Mystérieuse étoile filante de la photographie que le chilien Sergio Larrain (1931-2021) dont l’œuvre aussi forte et magique que brève se concentre sur une décennie. Avec son premier Leica acheté en 1949, porté par son empathie totale avec le monde qui l’entoure, il photographie les rues et les déshérités, lui le fils de la grande bourgeoisie chilienne. Avec intuition, spontanéité, liberté, en résonance totale avec son sujet, il photographie les enfants abandonnés dormant sur les trottoirs à Santiago, les piliers de bars interlopes et les prostituées de Valparaiso, etc. Fasciné par Henri Cartier Bresson rencontré en 1959 et qu’il considère comme « le maître absolu, un génie, appartenant à une catégorie à part », et dont il s’approprie la phrase célèbre : « photographier, c’est mettre sur la même ligne de mire la tête, l’œil et le cœur », Larrain rejoint l’agence Magnum et s’installe pendant deux ans à Paris.

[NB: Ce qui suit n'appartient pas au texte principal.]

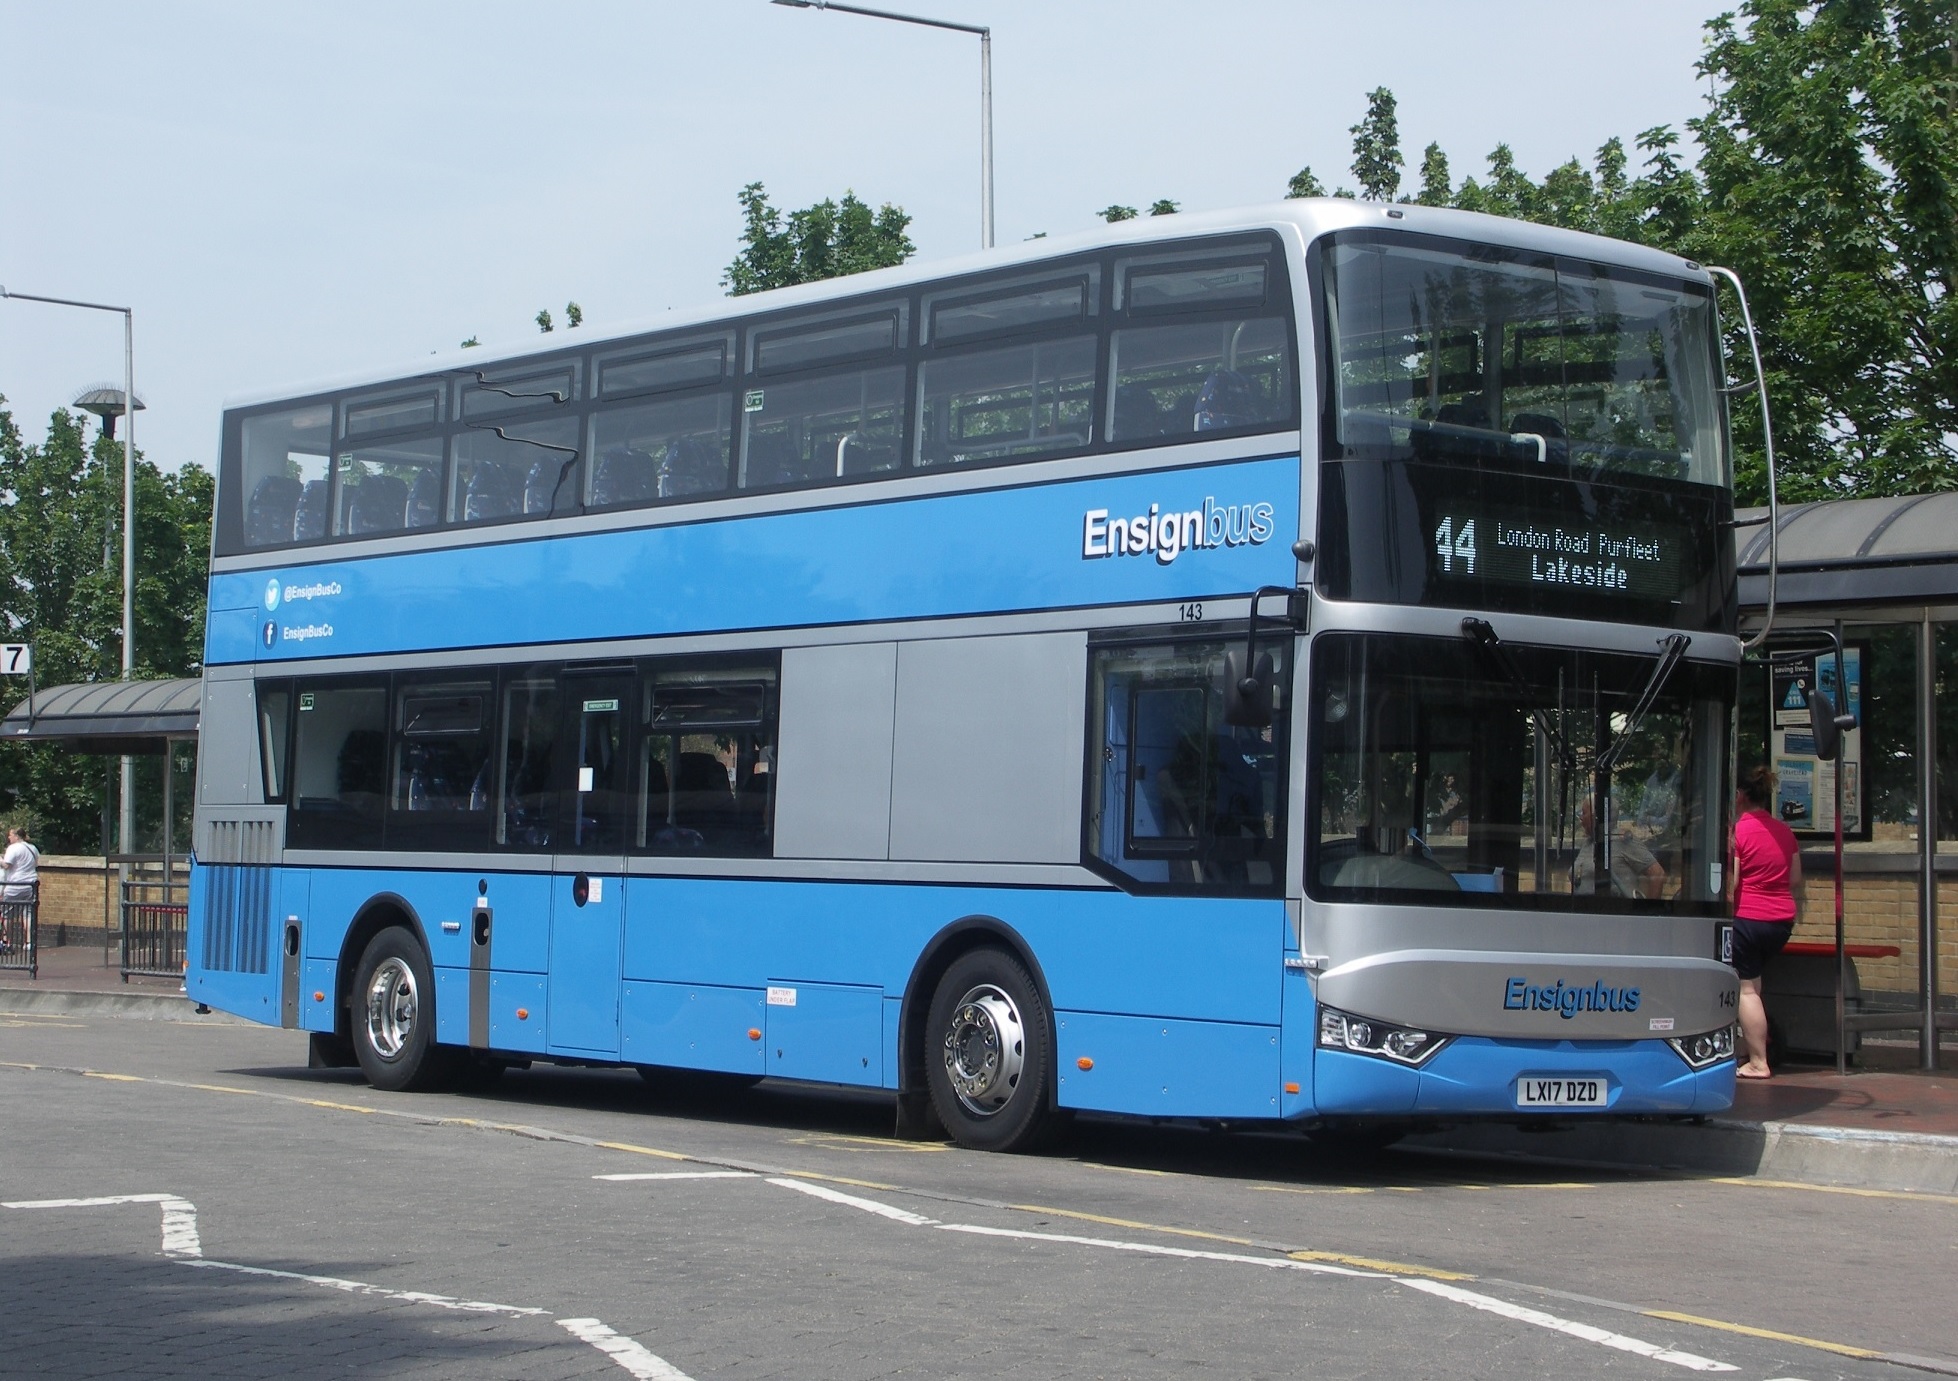 Ensignbus charts positive future under FirstGroup ownership

Les commandes vont alors se multiplier, il va couvrir de nombreux sujets, tous très différents : le mariage du shah d’Iran, la guerre d’Algérie, le tremblement de terre au Chili en 1960, la mafia sicilienne. Ou encore ce reportage dans la capitale britannique durant l’hiver 1958-1959. Sensible aux scènes et lumières qu’il rencontre, ses photographies de nuées d’oiseaux dans le ciel gris, passants fantomatiques filant dans la solitude des rues, branches d’arbres rendues spectrales par le fog londonien sont empreintes de mélancolie, de poésie, révèlent le sens caché des choses. Des images en noir et blanc découpées par un cadrage audacieux, jouant avec les lignes, les gros plans, les contre-plongées, les jeux permanents d’ombres et de lumières.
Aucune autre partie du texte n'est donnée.